The humiliation felt as raw, real and recent as ever. She wanted to shrivel up and be washed away like a slug down a drain. Instead she calmly lifted the lid of her laptop, determined to maintain poise and dignity. She wasn’t sixteen any more.

She politely accepted the coffee from the air steward, sat back as the woman passed another to Jared.

‘What about you, Amanda—you been busy?’ he asked after taking a sip from the steaming cup.

Oh, so he’d mastered some rudimentary conversational skills, then, had he? And only just remembered?

‘Very.’ She, on the other hand, was over it.

There was a sound that might have been a snort or a laugh. She had to look at him—just to make sure he wasn’t choking to death or something.
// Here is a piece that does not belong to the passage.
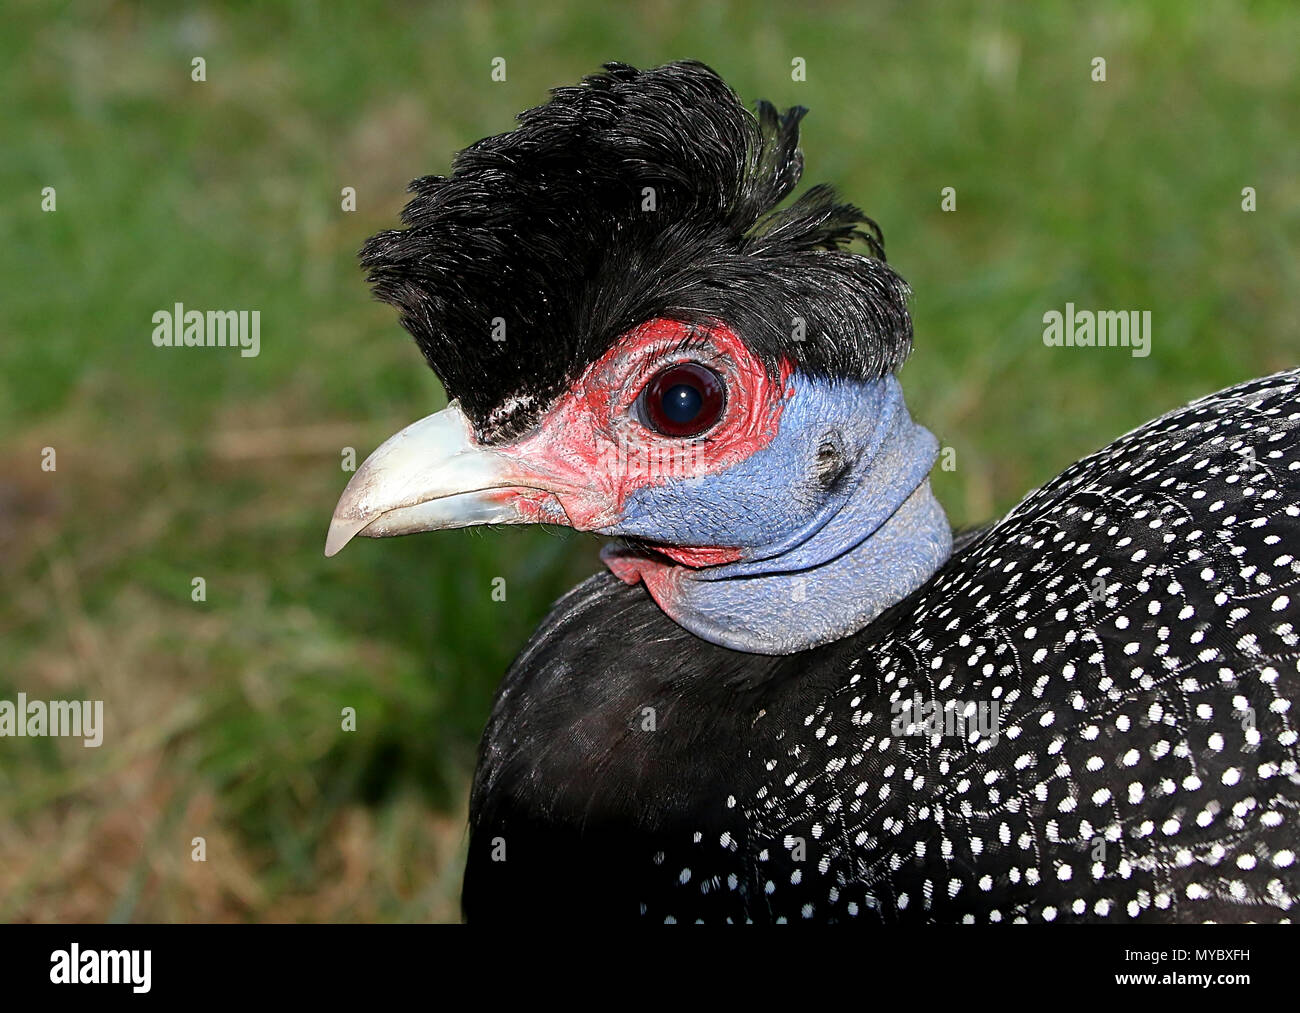 African Crested guineafowl (Guttera pucherani), close-up of the head Stock Photo

She encountered an expression of disbelief so dry she could have been transported to the Sahara.

‘Sweetheart, you don’t know the meaning of the word.’ He spoke casually, sat casually but those eyes of his were still sharp and dark and digging right through her.

‘Jared,’ she said softly but firmly. ‘You don’t know me any more.’

He had no idea of how her life had played out. Maybe back then she’d been the spoilt, wilful, foolish girl he so clearly thought she still was. But she’d grown up—finally taken on responsibility.

‘I know enough.’ His piercing look roved right over her.

He couldn’t see much, she reasoned as her temperature began to rise. Not beneath her brown wool coat. Several years old, it was classic enough to still wear and it hid the skirt and shirt that had been the height of fashion several seasons ago.

But despite the thick wool of the coat and the opaque stockings covering her legs, she felt as if Jared’s gaze were stripping her close to naked. It was the sexual, animal element of him—she’d recognised it all those years ago as the woman in her had become awakened. But she’d had no idea of the power of it. And while she’d had no hope of resisting it, she’d had no hope of coping with it either.

Yet even now, as she observed the thick lashes almost resting on his cheek as he looked down her arm, her blood raced and she was so tempted to beat that spark into a flame—just to see what would happen. Because the one wild taste she had got back then had become the measure for all.